→ **Aim of the task**
Line by line, repeat the material below exactly and leave the images out.

→ **Data extract**

───

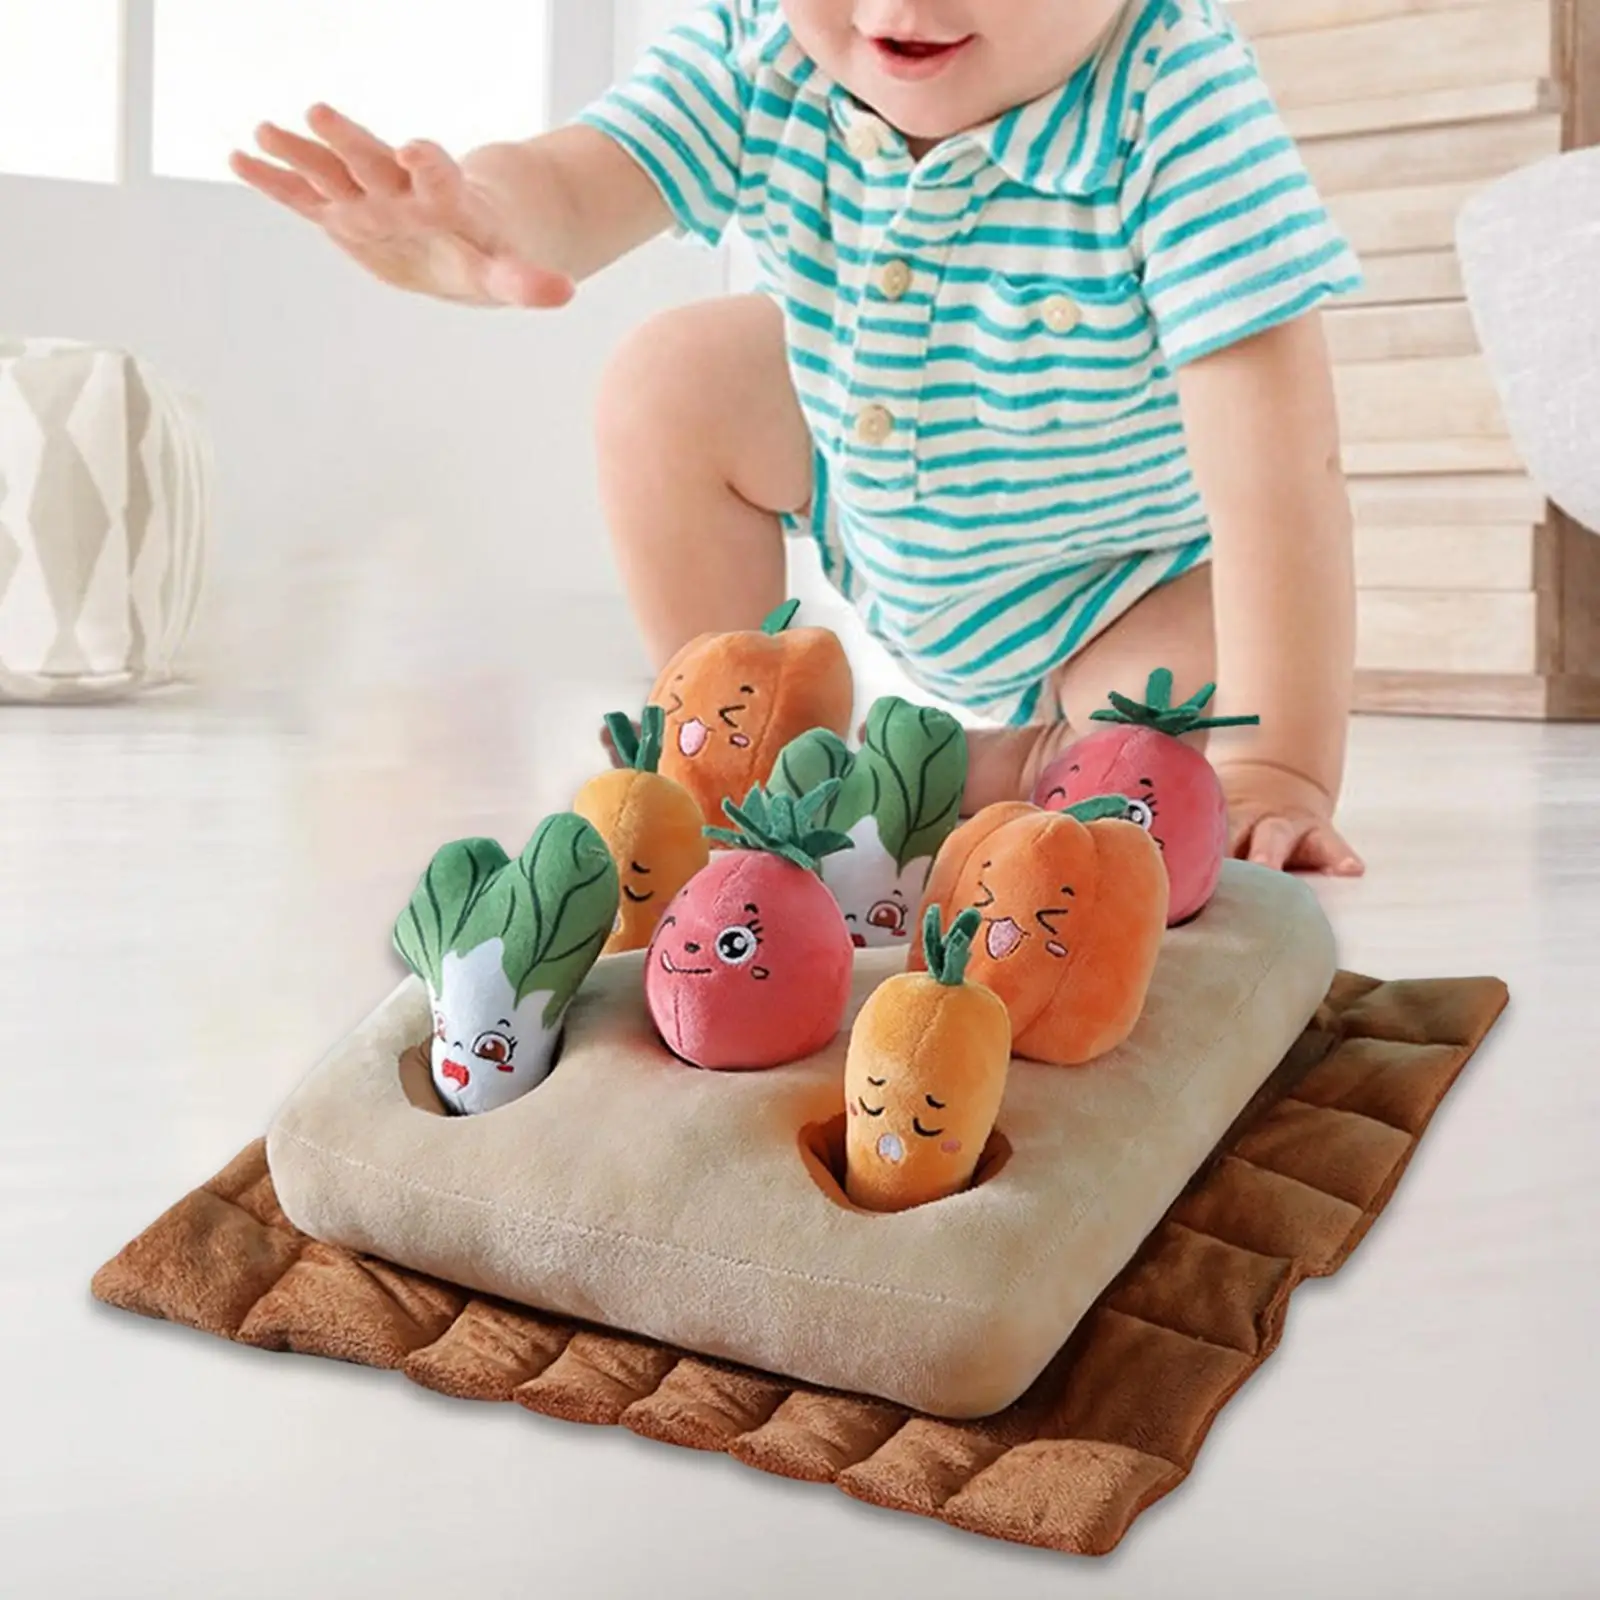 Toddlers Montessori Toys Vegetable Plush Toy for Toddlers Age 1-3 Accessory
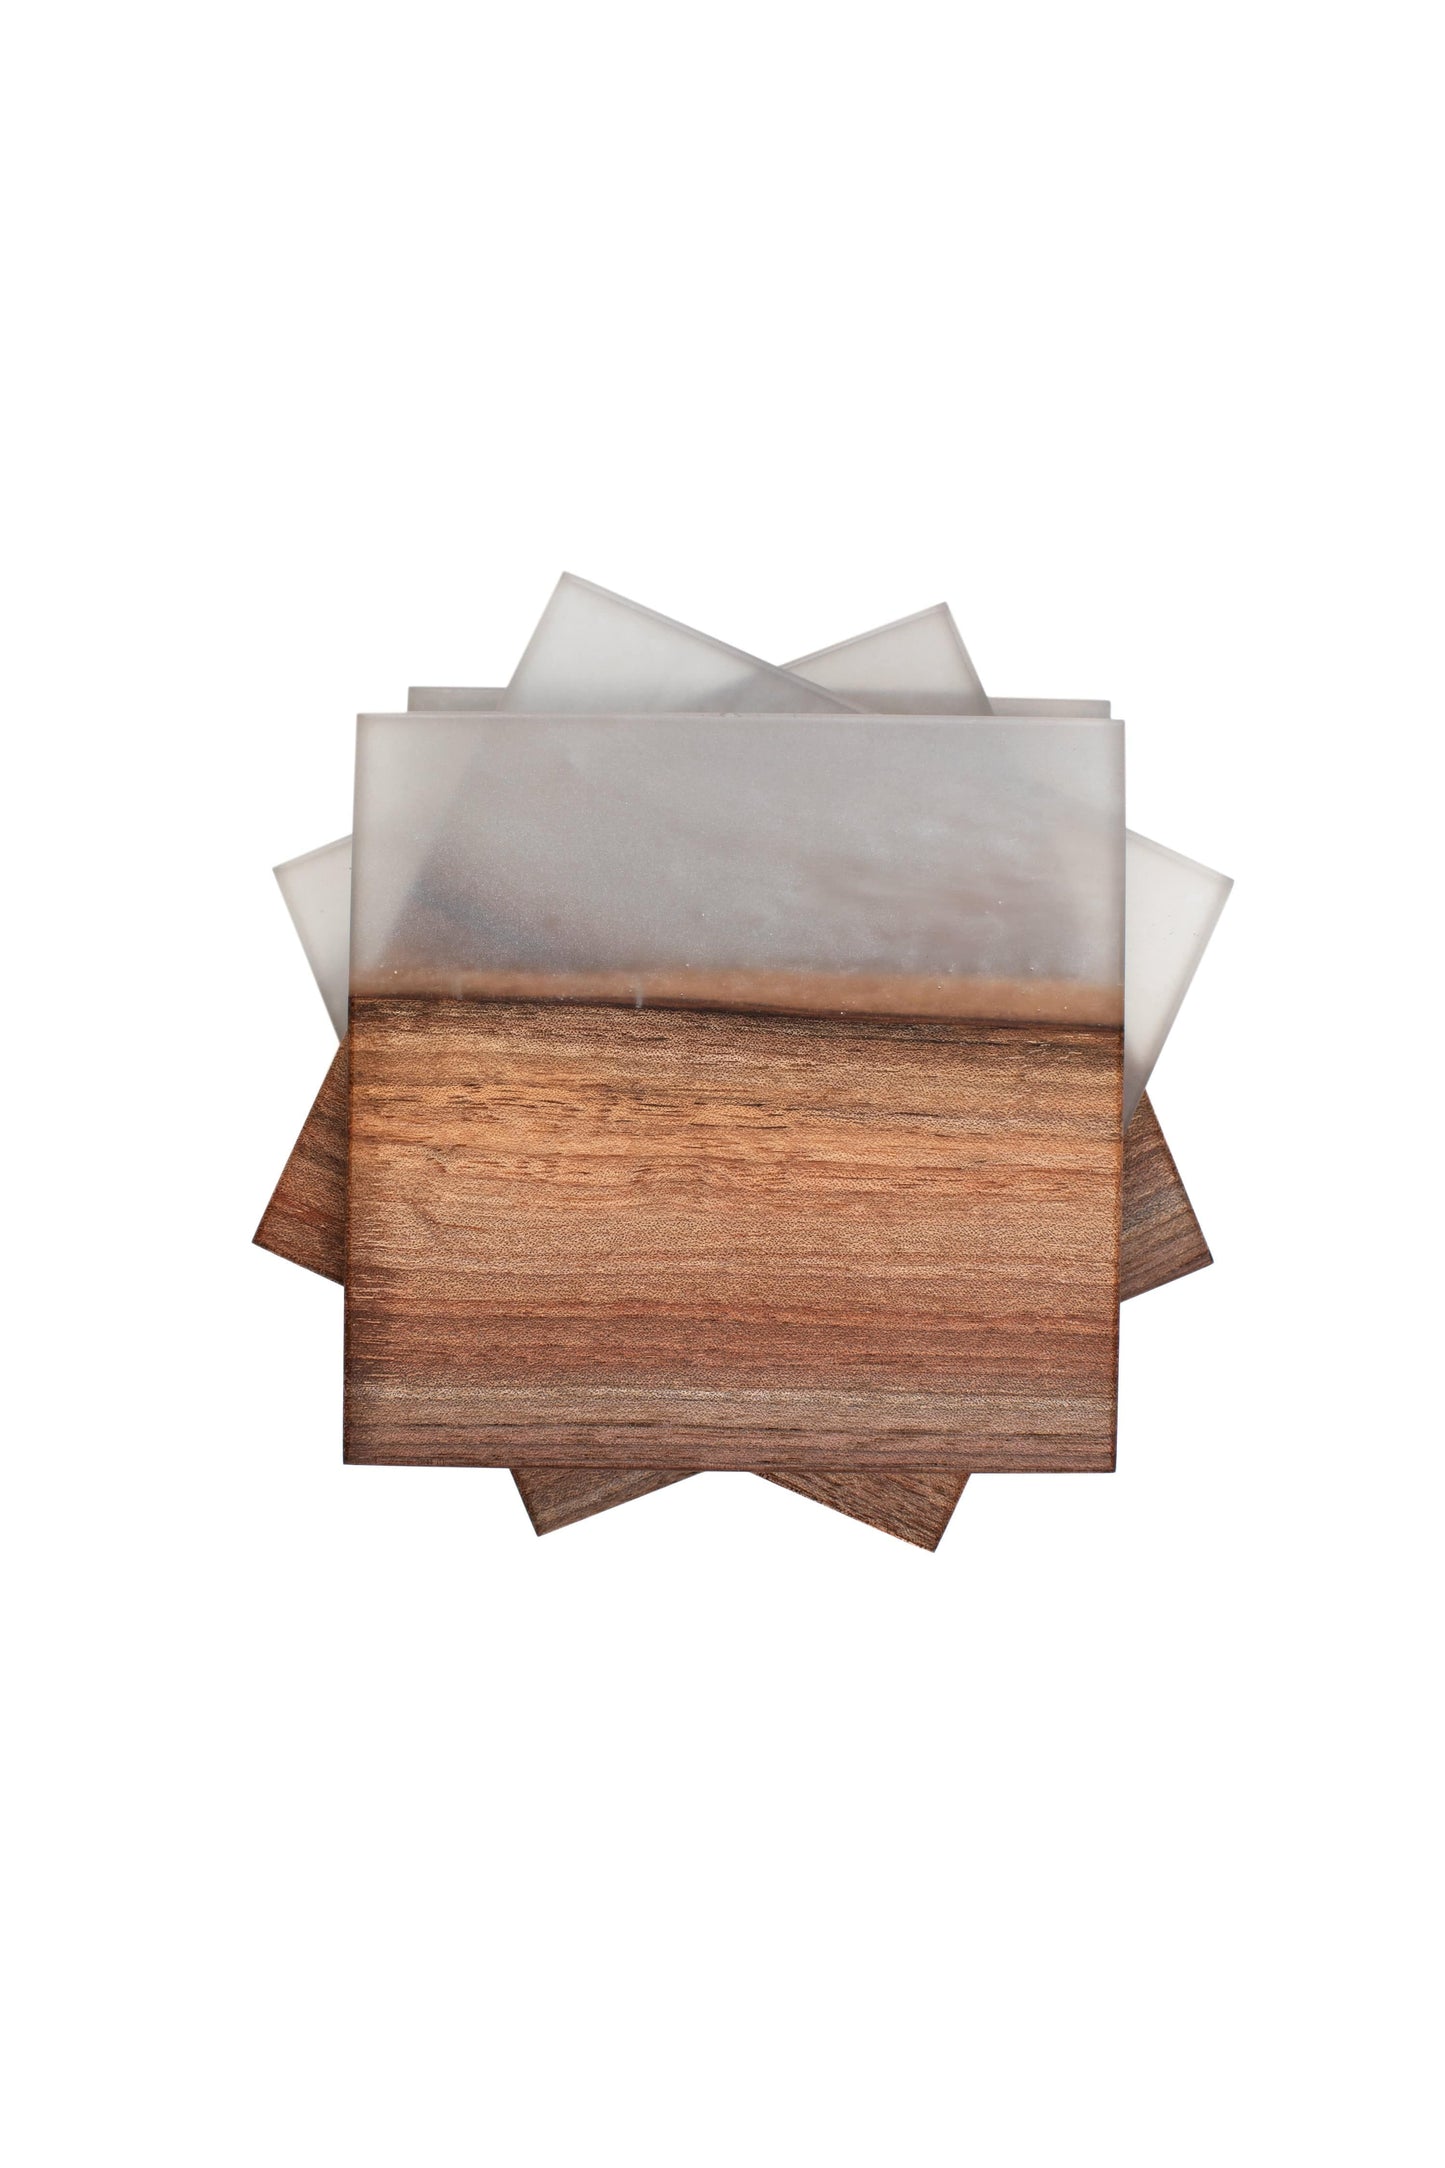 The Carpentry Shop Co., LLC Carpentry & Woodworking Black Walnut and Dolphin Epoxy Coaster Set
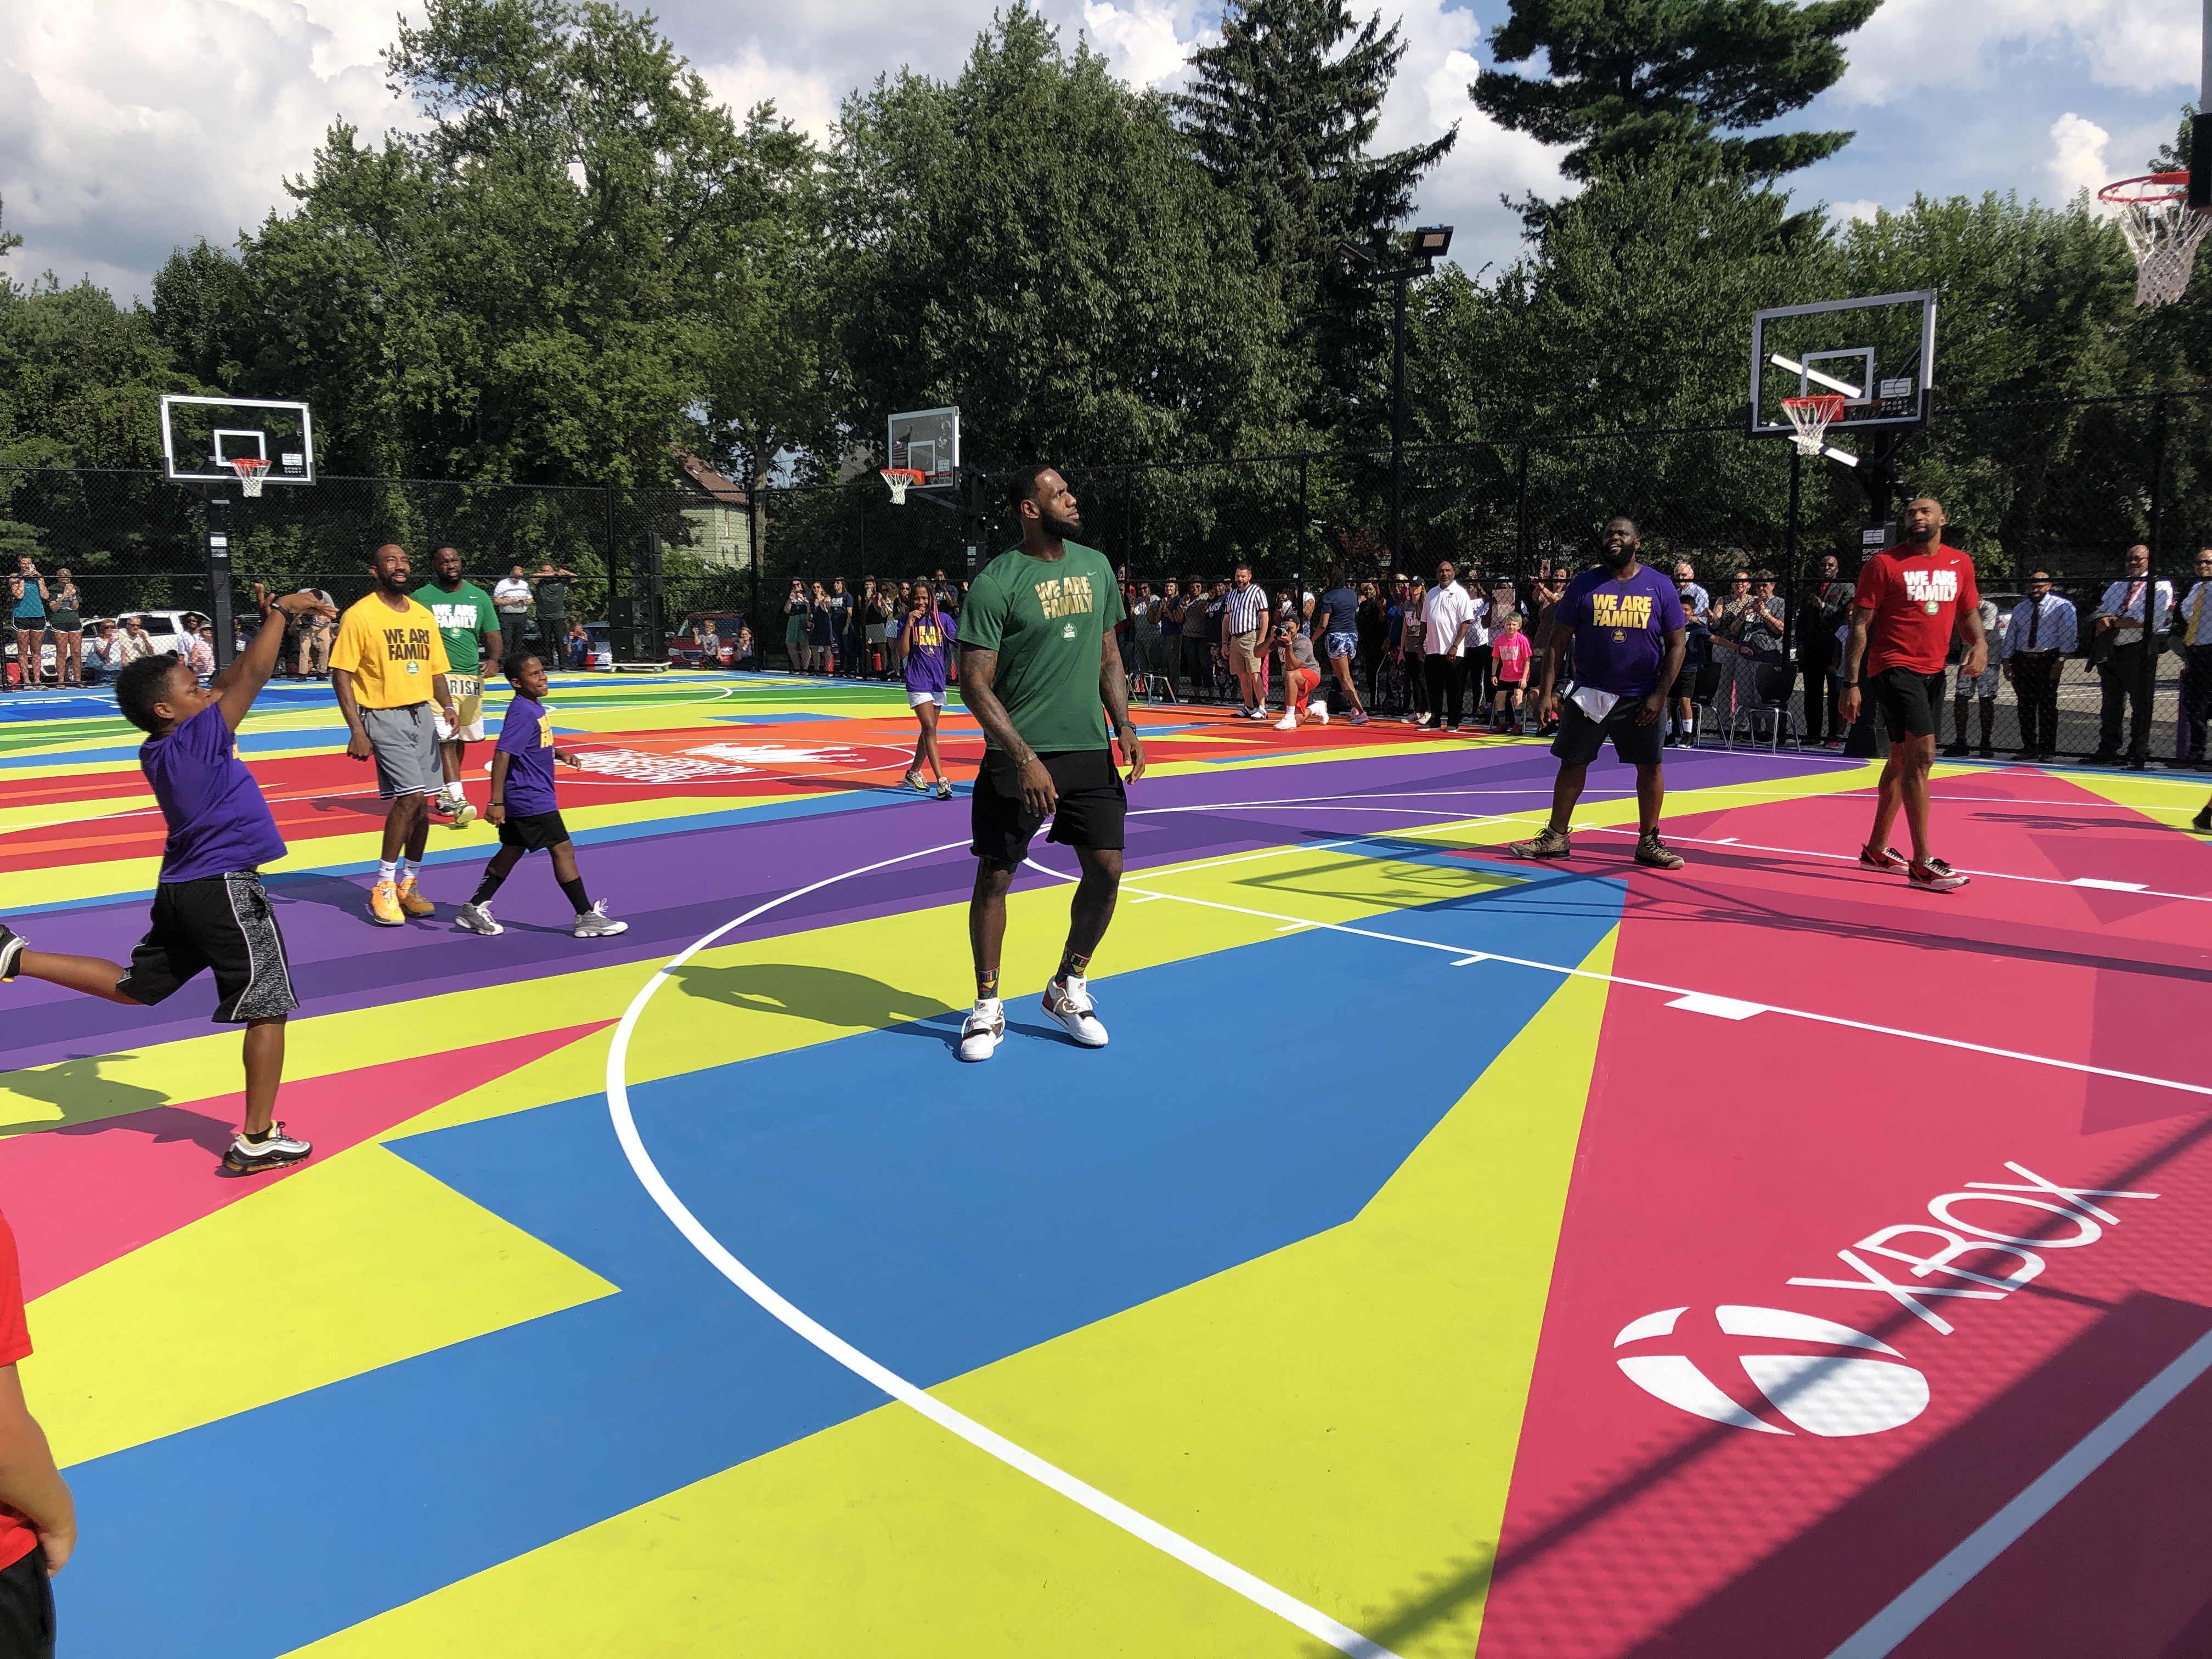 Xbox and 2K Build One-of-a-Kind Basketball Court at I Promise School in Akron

───

→ **Result of this exercise**
 Toddlers Montessori Toys Vegetable Plush Toy for Toddlers Age 1-3 Accessory
 The Carpentry Shop Co., LLC Carpentry & Woodworking Black Walnut and Dolphin Epoxy Coaster Set
 Xbox and 2K Build One-of-a-Kind Basketball Court at I Promise School in Akron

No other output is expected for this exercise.